En quelques années, la grippe, la variole ont décimé les populations d’Amazonie, comme d’ailleurs celles des Andes ou d’Amérique centrale. Aujourd’hui, on estime qu’en Amazonie, elles sont passées de 10 millions d’habitants à quelques dizaines de milliers. 

Et lorsque les Français, Hollandais, Anglais colonisent les Guyanes, – Cayenne fondée en 1643 – un siècle après les Portugais et les Espagnols, ils découvrent des forêts presque vides, après l’une plus grandes catastrophes sanitaires que le monde ait connue.

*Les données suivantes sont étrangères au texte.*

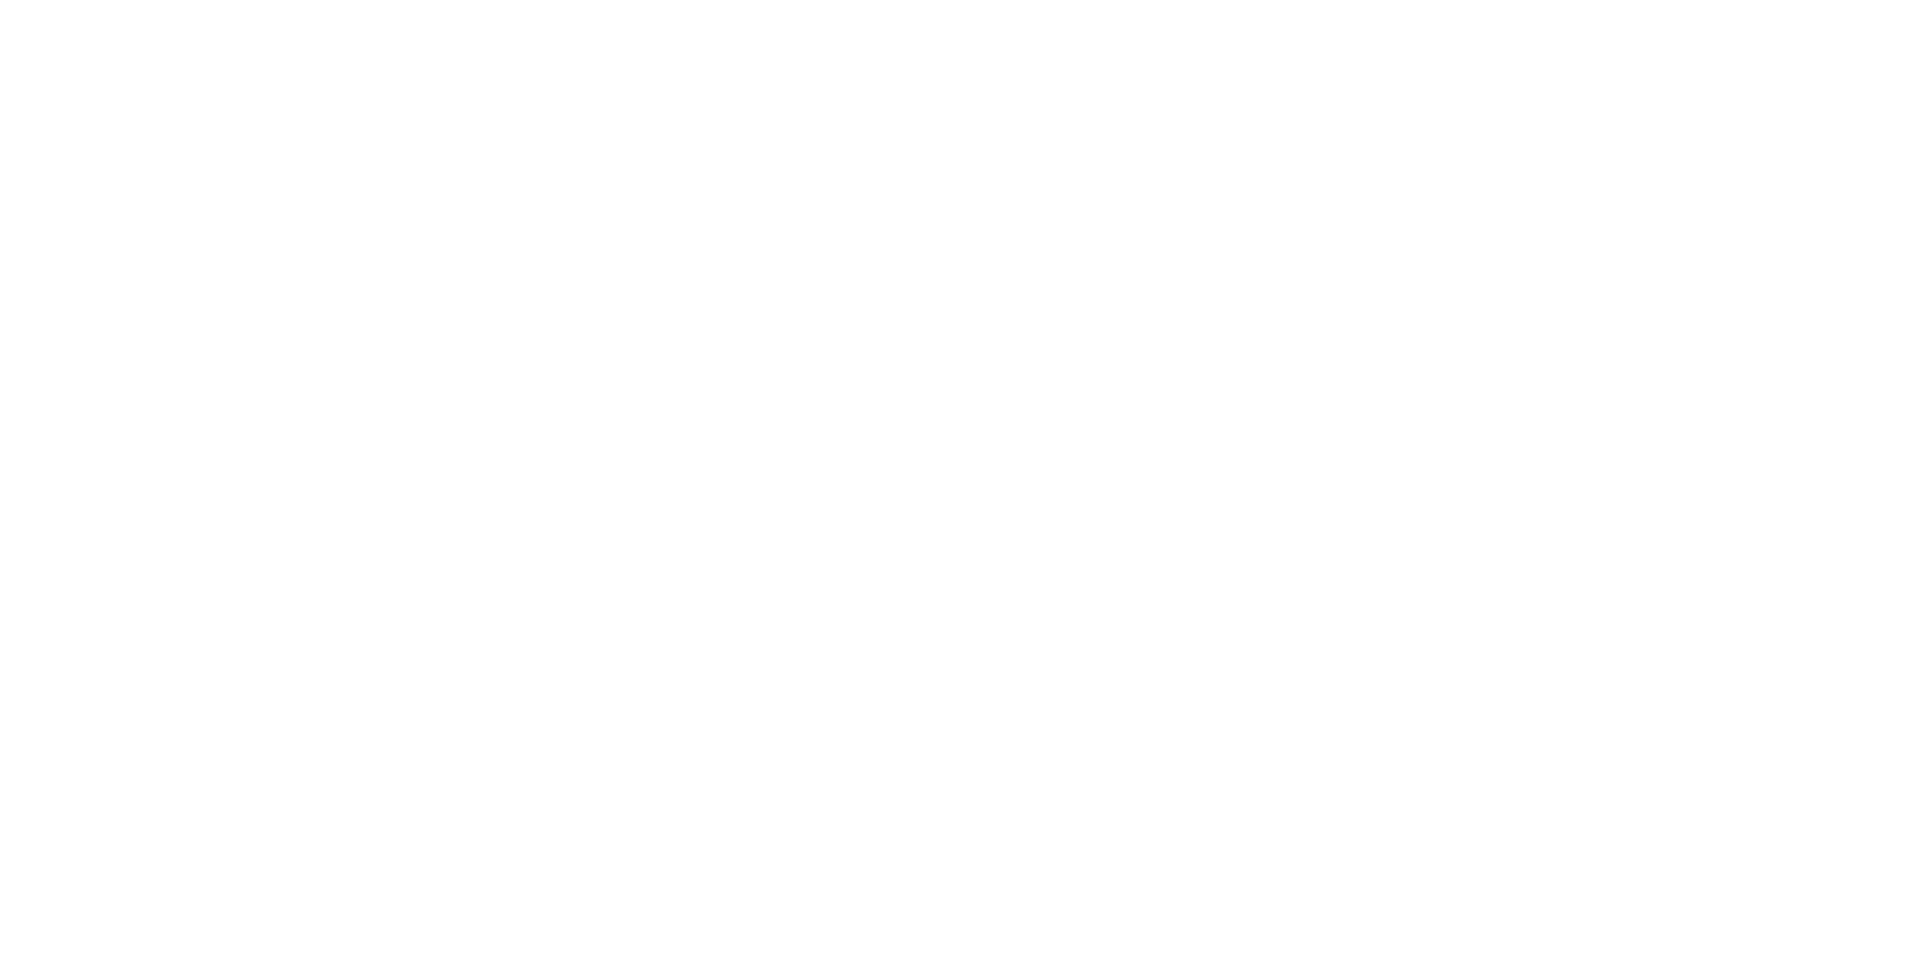 Work At Home & Digital Marketing For Seniors

Ce n’est pas en Guyane qu’il faudrait faire des expériences survie, mais plutôt dans ces immenses mégalopoles où se concentrent de plus en plus le gros de la population mondiale.

40 jours d’immersion dans les bidonvilles de Lagos, Kinshasa ou Manille, comment y survivre ?  Ça, ça serait un vrai défi pour nos aventuriers européens.

Et ce n’est pas d’expériences survie dont ont besoin les Guyanais d’aujourd’hui, mais de véritables perspectives de développement : C’est quoi le projet pour la Guyane dans les 30 ans qui viennent ? Ça c’est le vrai défi qui intéresse les Guyanais.